● **Brief**:
The material below is to be copied exactly from the line with "425 HCTT-001 /Y21111-V3_画像5" up to and including the line with "Bobcat E10 Operator Manual", with nothing else kept and no pictures.

● **Records to use**:
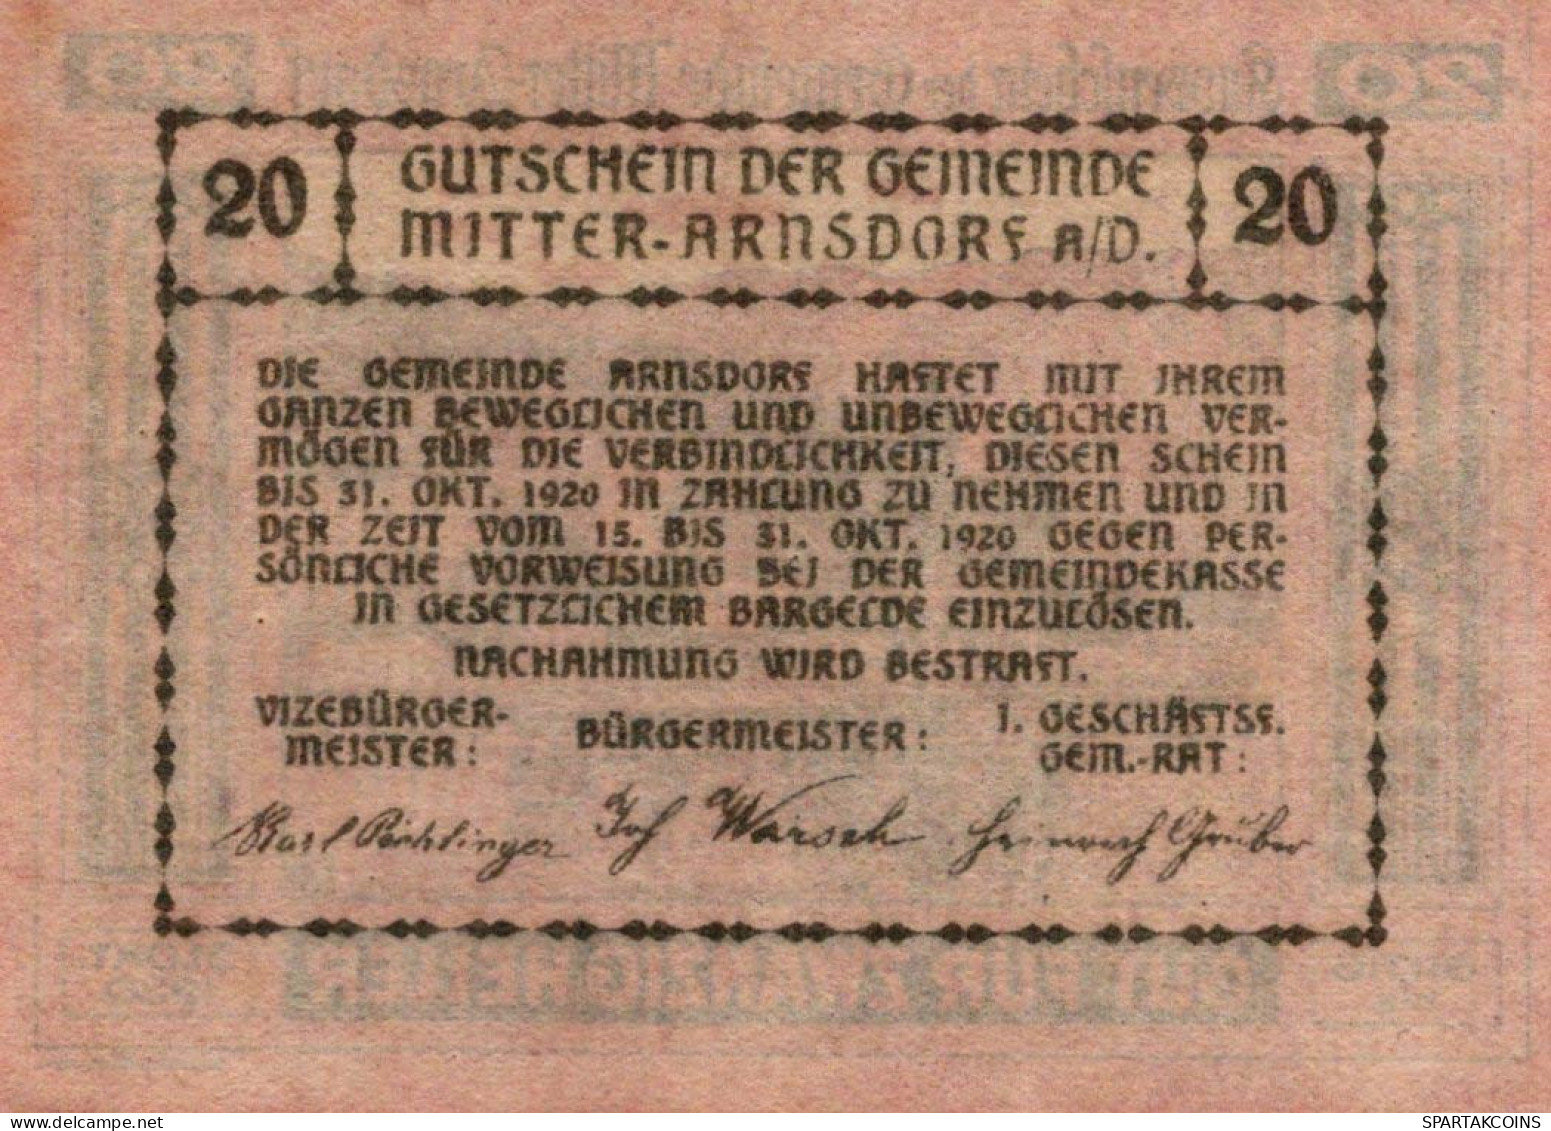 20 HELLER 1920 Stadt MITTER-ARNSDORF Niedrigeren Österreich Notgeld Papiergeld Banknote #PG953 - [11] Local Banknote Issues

...

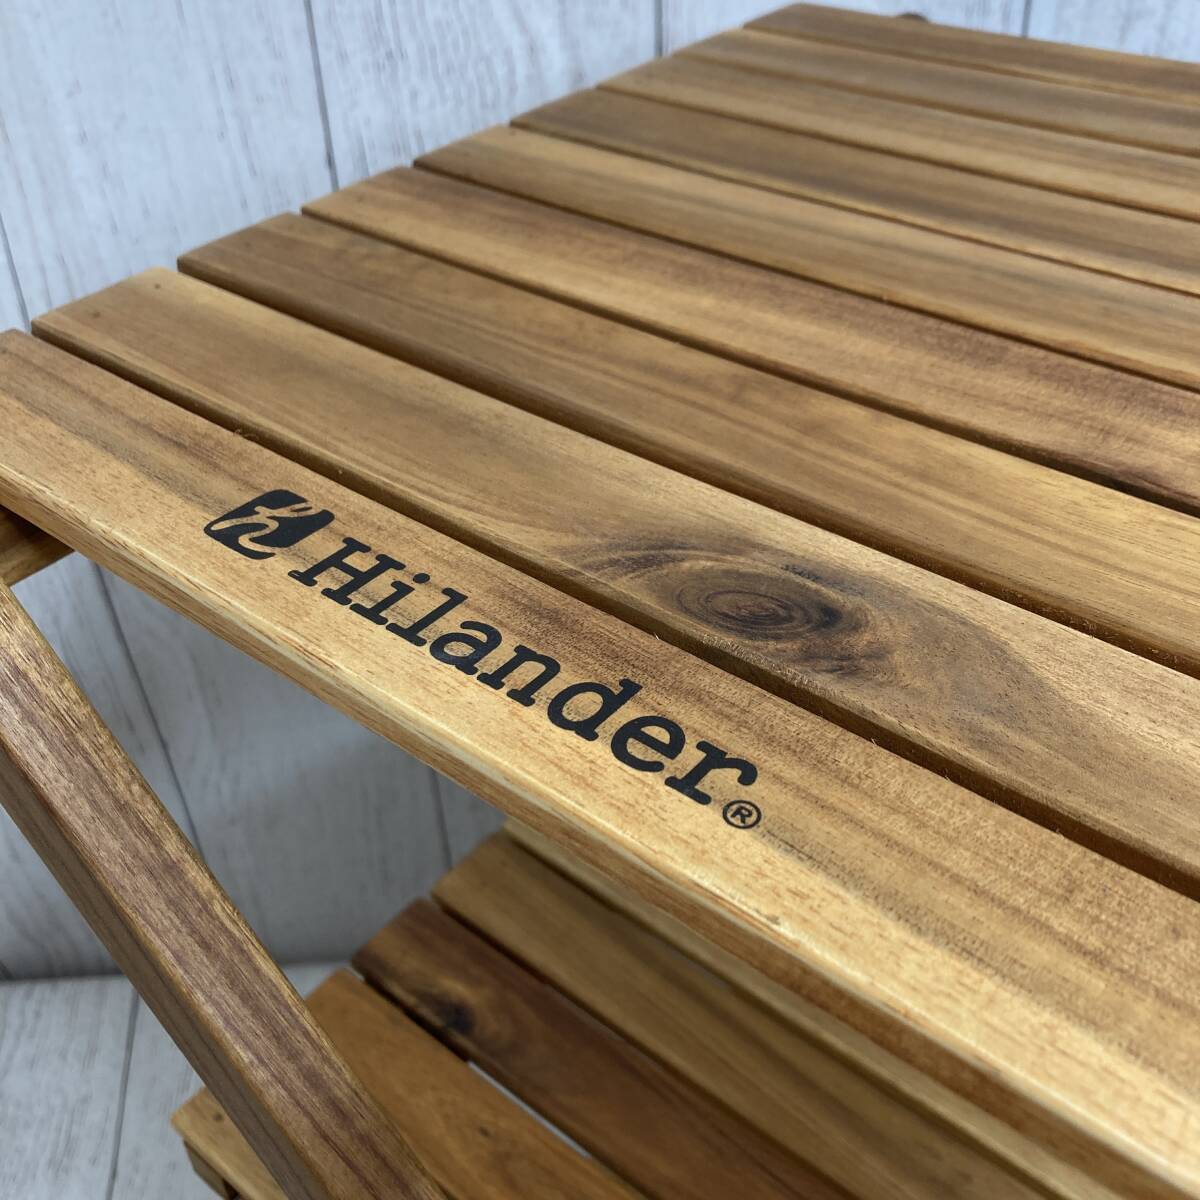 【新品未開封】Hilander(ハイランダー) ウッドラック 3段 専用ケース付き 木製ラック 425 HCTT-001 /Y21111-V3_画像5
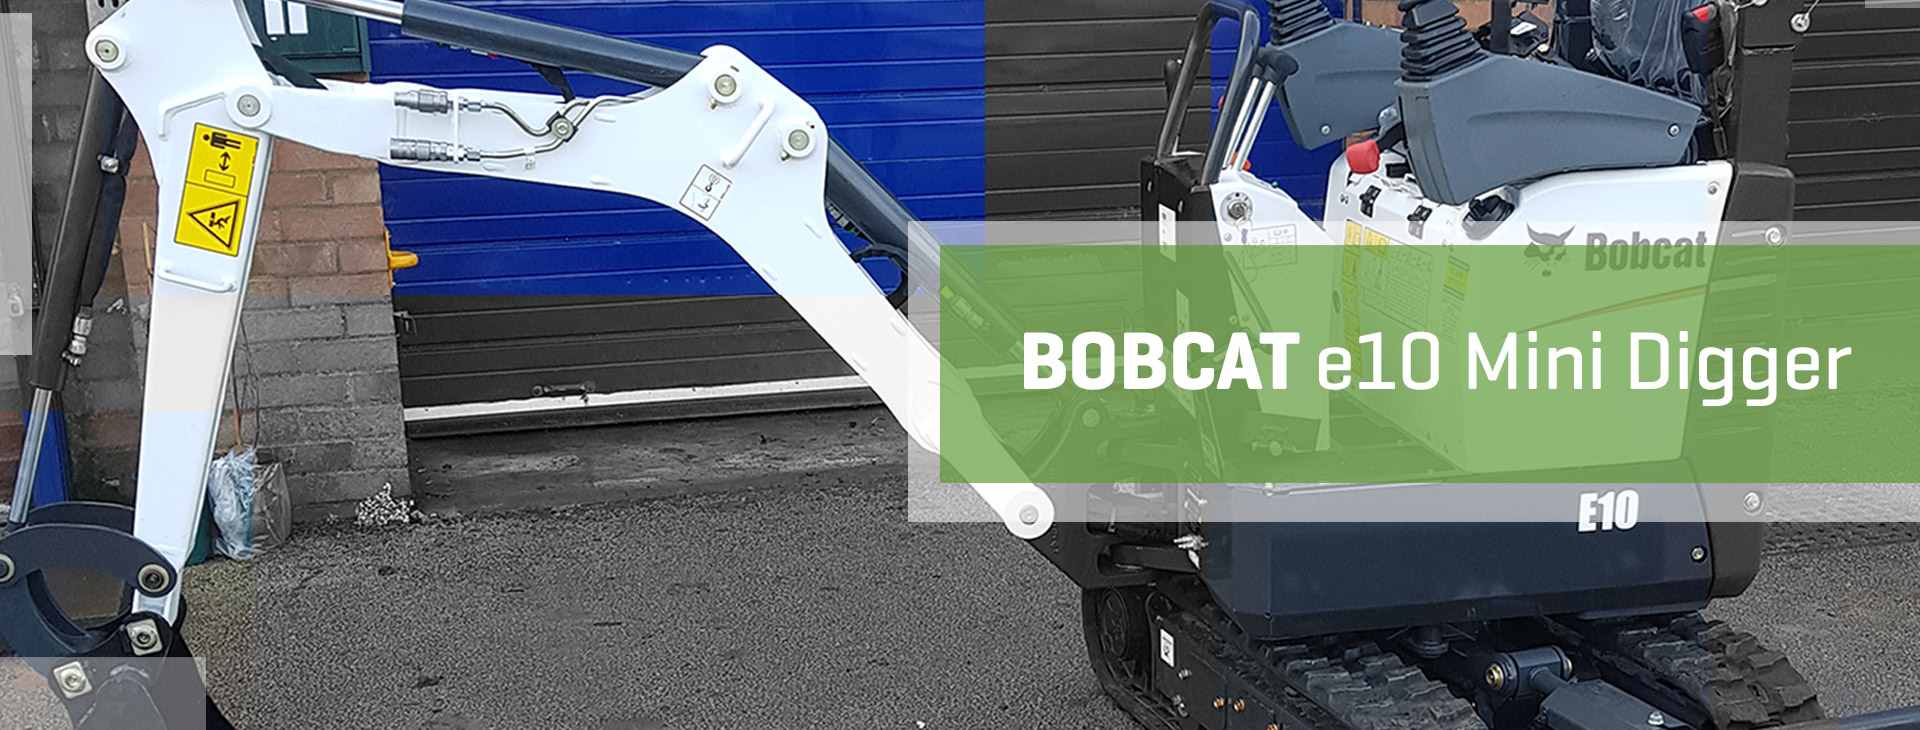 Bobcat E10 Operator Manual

● **Exercise solution**:
 【新品未開封】Hilander(ハイランダー) ウッドラック 3段 専用ケース付き 木製ラック 425 HCTT-001 /Y21111-V3_画像5
 Bobcat E10 Operator Manual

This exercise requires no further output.